Он раскланялся, отошел и глядел, как Нина, приглашенная в это время на танец, легко и грациозно носилась среди грома музыки, среди блеска и света горячей атмосферы бальной залы.

А княгиня Маратова думала:

«Вот приютили сиротку, да кто знает, быть может, она такую еще партию сделает, что все эти барышни с громкими именами себе локти кусать станут… Ce jeune Gorbatoff… qui sait?!»

XI. «Генеральша»

Дом, в котором теперь приходилось жить Нине, помещался недалеко от Таврического сада. Он принадлежал старой генеральше Пронищевой, матери княгини Муратовой. Это было большое одноэтажное с мезонином здание, с широким двором, где помещались флигели для прислуги, конюшни и сараи. За домом шел небольшой густой сад. Ворота стояли всегда на запоре. Шторы почти во всех окнах, выходивших на улицу, были всегда спущены, и вообще дом, хотя и представительной внешности, но уже потемневший, закопченный от времени, имел мрачный вид. Казалось, будто в нем или никто не живет, или что тут кто-нибудь очень болен. Это последнее предположение представлялось тем более вероятным, что время от времени почти во всю ширину улицы перед домом настилался толстый слой соломы, для того чтобы заглушить езду экипажей, хотя в этой части города езды было немного.

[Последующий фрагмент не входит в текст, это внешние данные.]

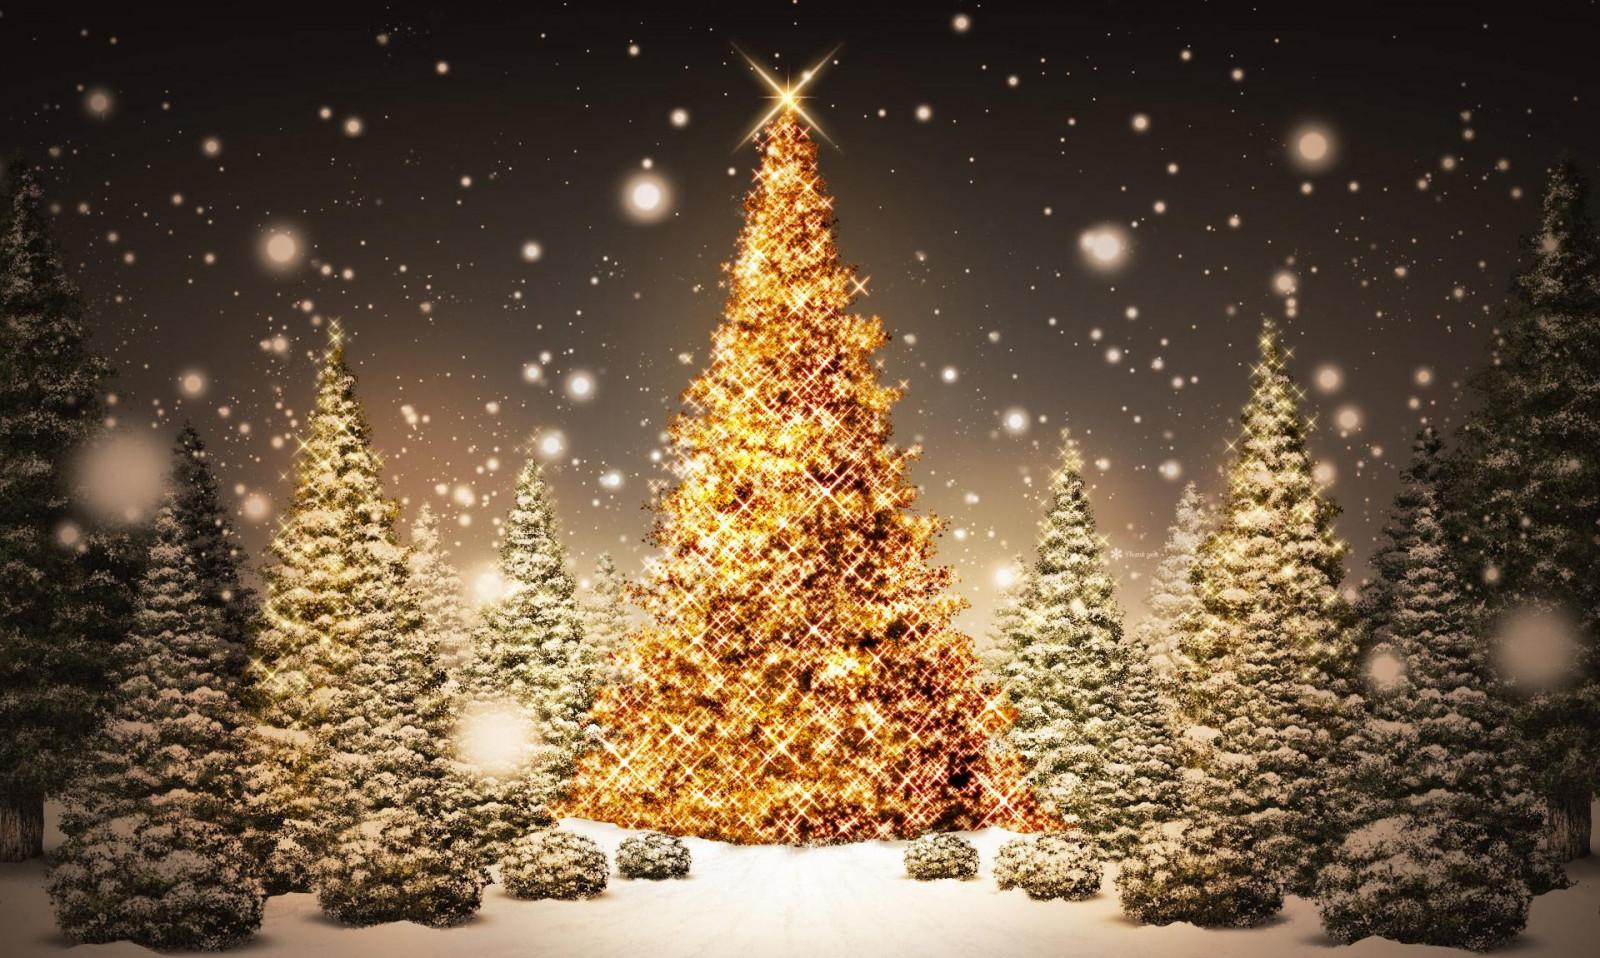 Картинки новогоднюю тему

Между тем в доме не было больных и жило в нем очень много народу. Хозяйка дома, из старого рода князей Унжицких, когда-то, в начале царствования Екатерины, играла видную роль в петербургском свете. Она была очень красива, имела большое состояние, всегда была окружена толпой поклонников. Она провела веселую, шумную молодость, не спешила замуж, но в конце концов, лет под тридцать, все же вышла за молодого гвардейского офицера Пронищева.

Она могла по своему положению, связям и богатству сделать гораздо более блестящую партию. У нее в течение нескольких лет было много прекрасных женихов, но потом женихи эти как-то вдруг стали отставать. Поговаривали, что княжна Унжицкая слишком веселого характера и слишком легких нравов. Про нее ходило немало рассказов. Но, конечно, в те времена, не отличавшиеся особенной нравственностью, княжна не могла себе много повредить своей веселой жизнью. Рассказы об ее приключениях не могли отвадить от нее женихов, которые, сватаясь к ней, искали в будущей подруге жизни не семейных добродетелей, а связей и хорошего приданого.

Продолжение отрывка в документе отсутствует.